Directions.
Reproduce the listing exactly, with no pictures in your copy.

Dataset excerpt.
-------------------------
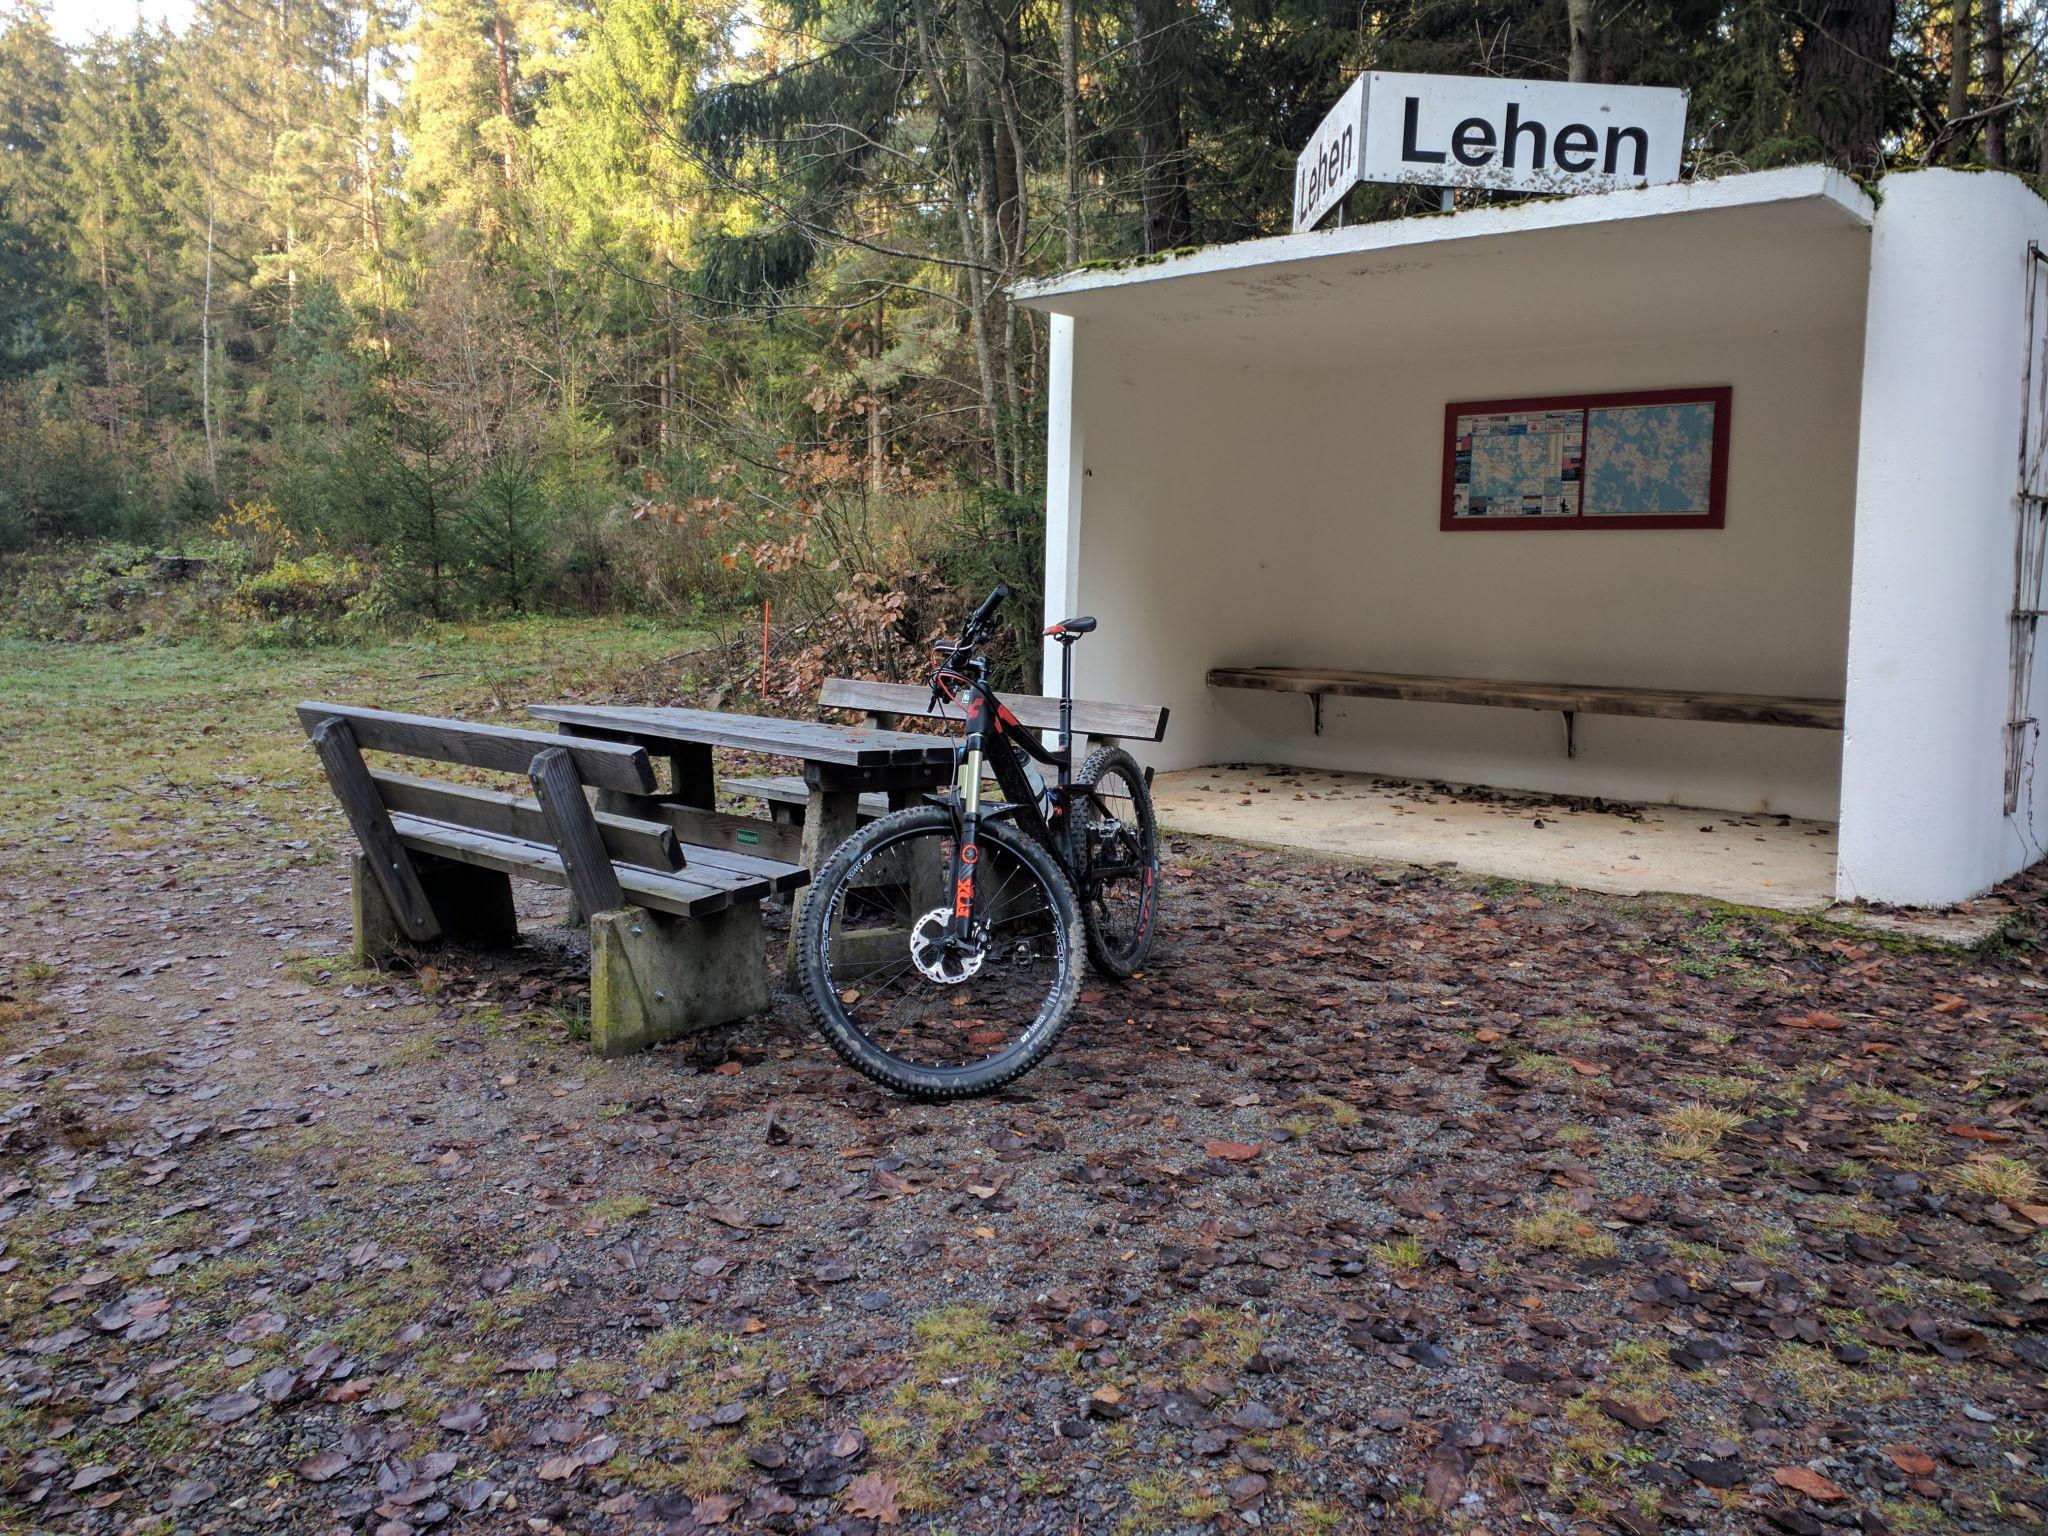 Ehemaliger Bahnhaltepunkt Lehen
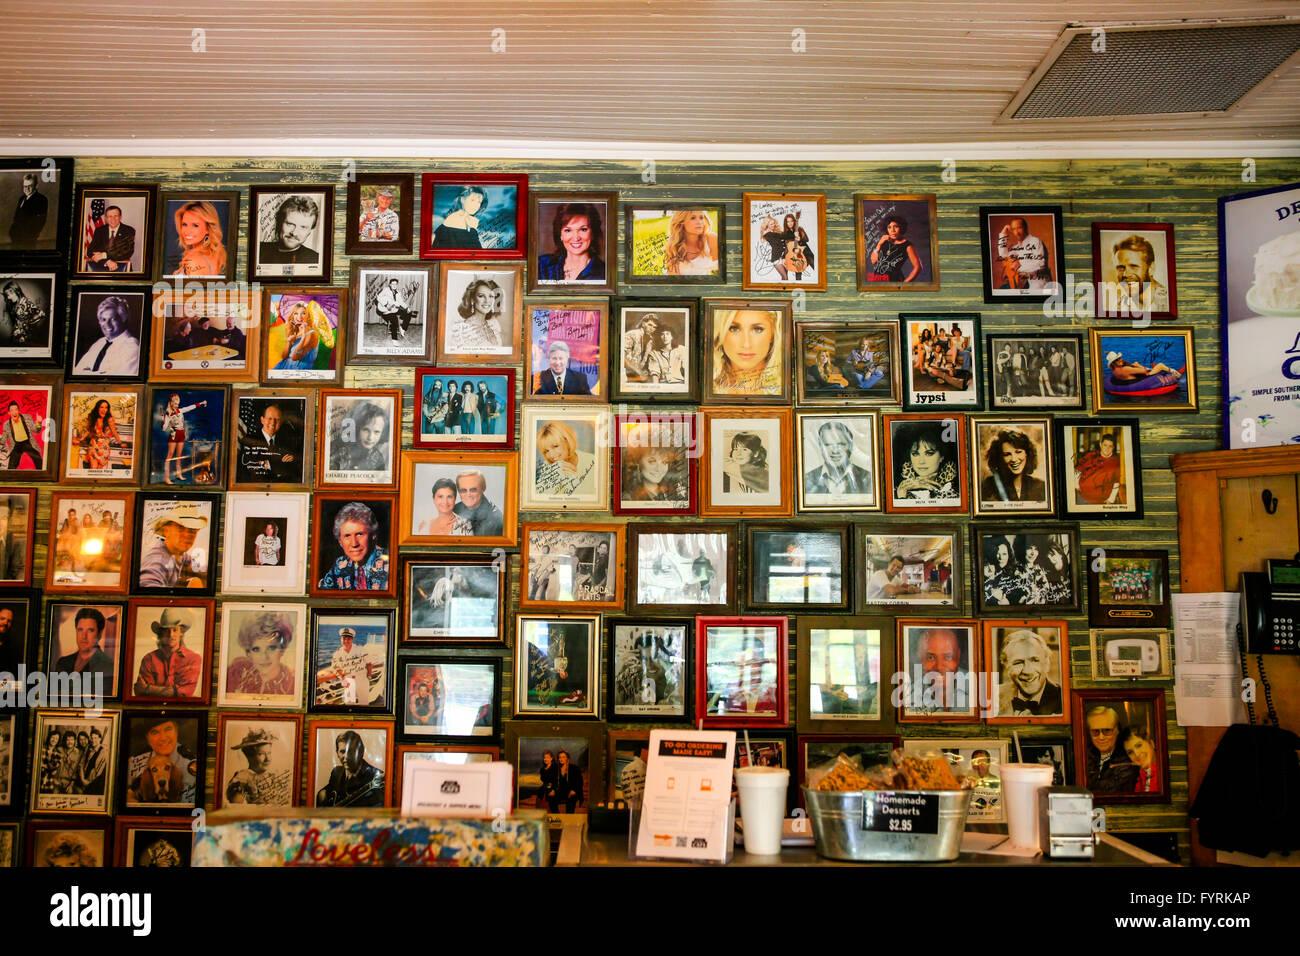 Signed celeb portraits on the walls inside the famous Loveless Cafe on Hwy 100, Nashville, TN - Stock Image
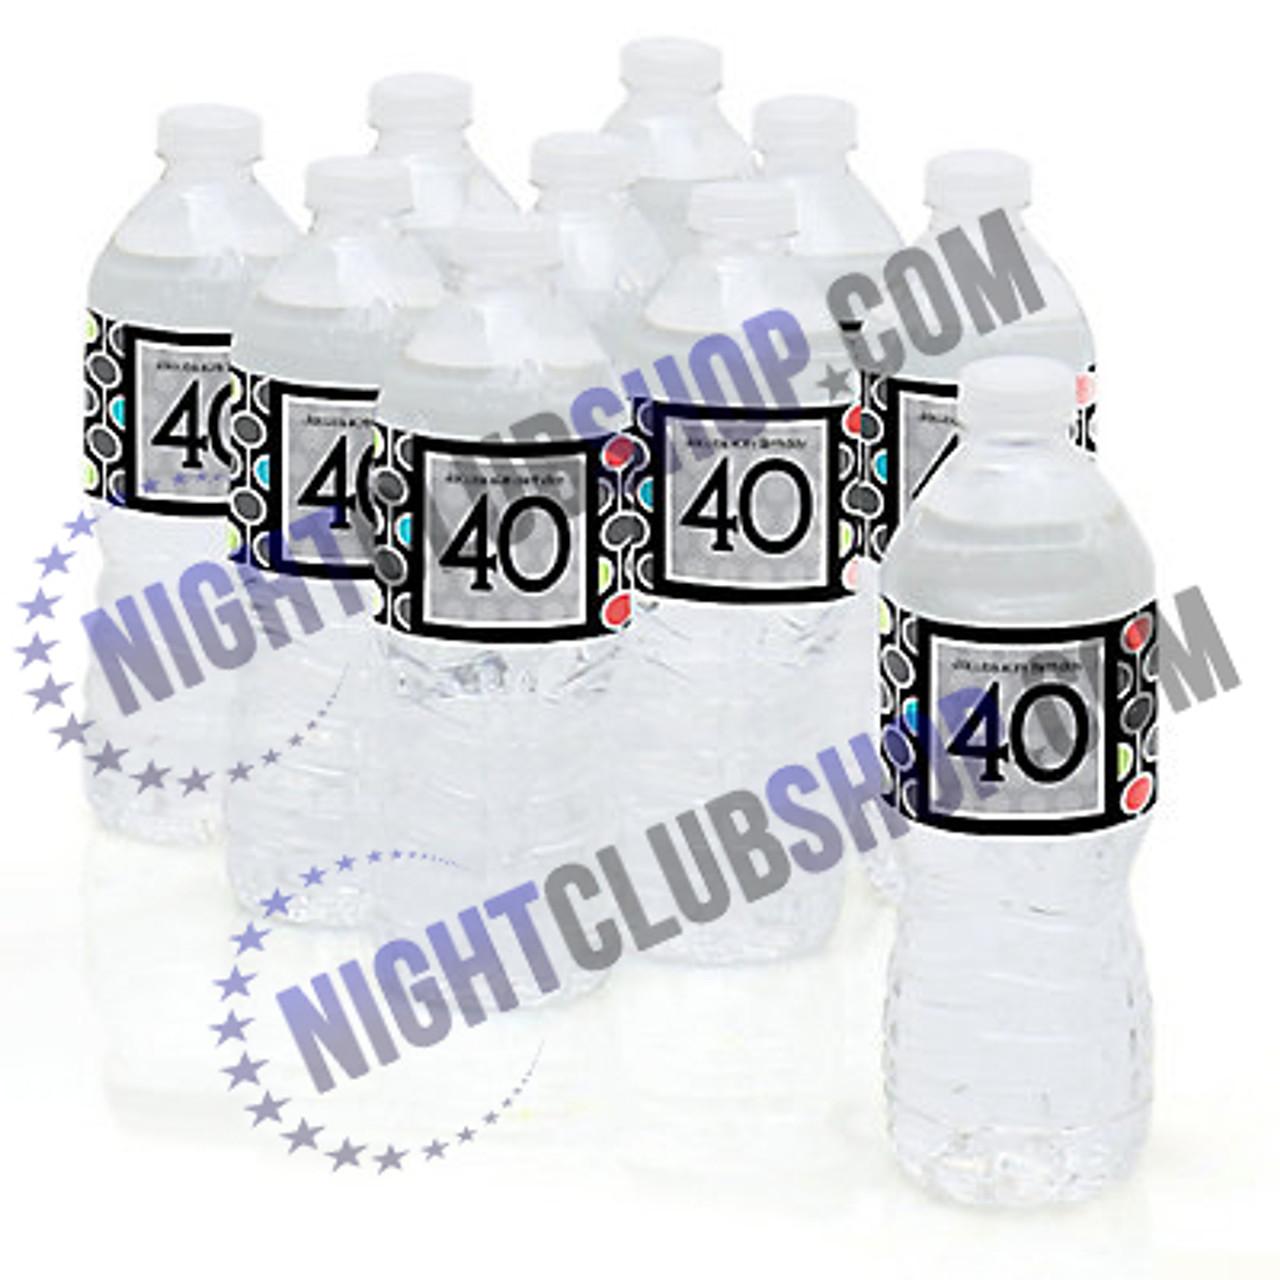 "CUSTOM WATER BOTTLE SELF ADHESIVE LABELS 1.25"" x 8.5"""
-------------------------
Completed task.
 Ehemaliger Bahnhaltepunkt Lehen
 Signed celeb portraits on the walls inside the famous Loveless Cafe on Hwy 100, Nashville, TN - Stock Image
 "CUSTOM WATER BOTTLE SELF ADHESIVE LABELS 1.25"" x 8.5"""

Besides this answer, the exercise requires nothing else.